ドイツの物理学者。ウェーバーの共同研究者ルドルフRudolf Hermann Kohlrausch(1809―1858)の子。リンテルンに生まれ、ゲッティンゲン、エルランゲン両大学で学び、ゲッティンゲン大学、チューリヒ、ダルムシュタット両工科大学、ウュルツブルク大学を経て、1900年ベルリン大学教授。当初、電解質を抵抗の標準に用いる意図から、1868年以降、電解質の抵抗の測定に向かった。

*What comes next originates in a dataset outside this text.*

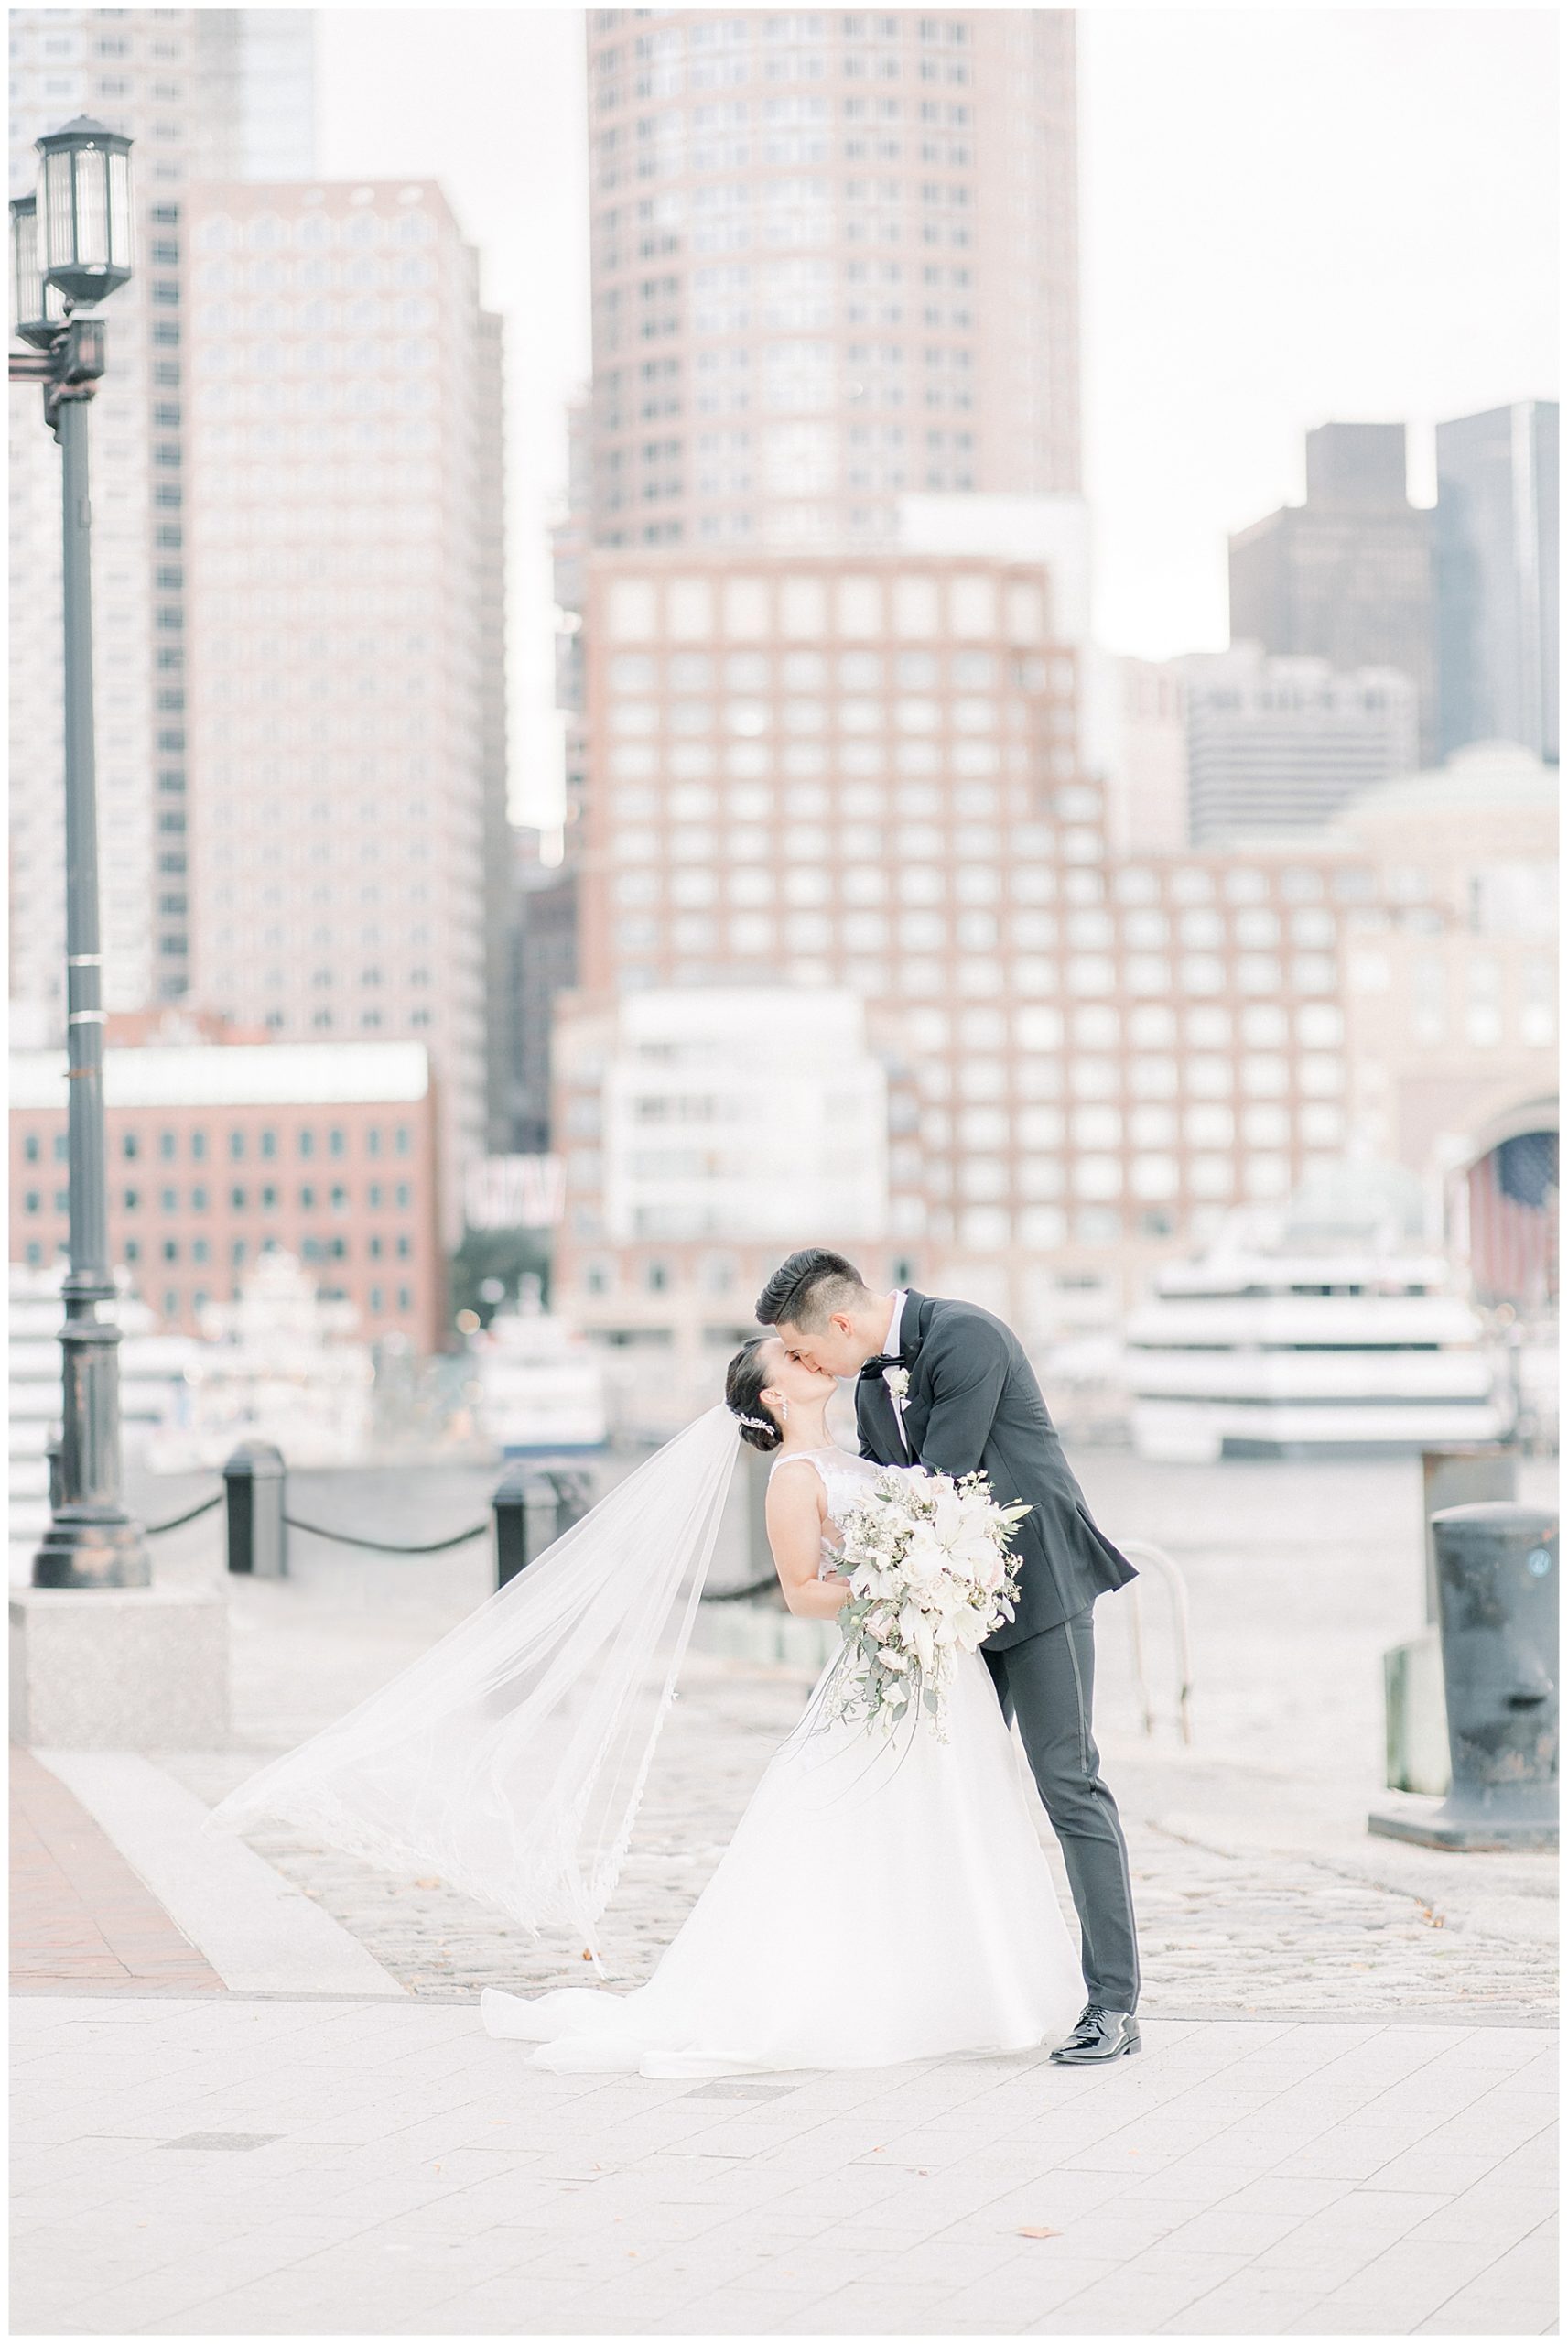 Boston newlyweds kiss

分極防止のため交流の採用、「コールラウシュ・ブリッジ」の考案などにより、1876年までに260種類の溶液の精密測定に成功。その結果、電気伝導度(K)と溶液の濃度(m)の間に関係式
K=λm-λ'm2 (λ、λ'は各定数)
が成り立つことを確かめ、「イオン独立移動の法則」を発見、「易動度」の概念を確立して、後の「自由イオン説」の基礎を築いた。1895年以後、国立理工学研究所長として、その世界最初の国立中央試験研究機関の基盤確立に貢献した。また、実験物理学の古典的名著『実験物理学便覧』Lehrbuch der praktischen Physik(1869)は版を改めながら今日まで刊行されている。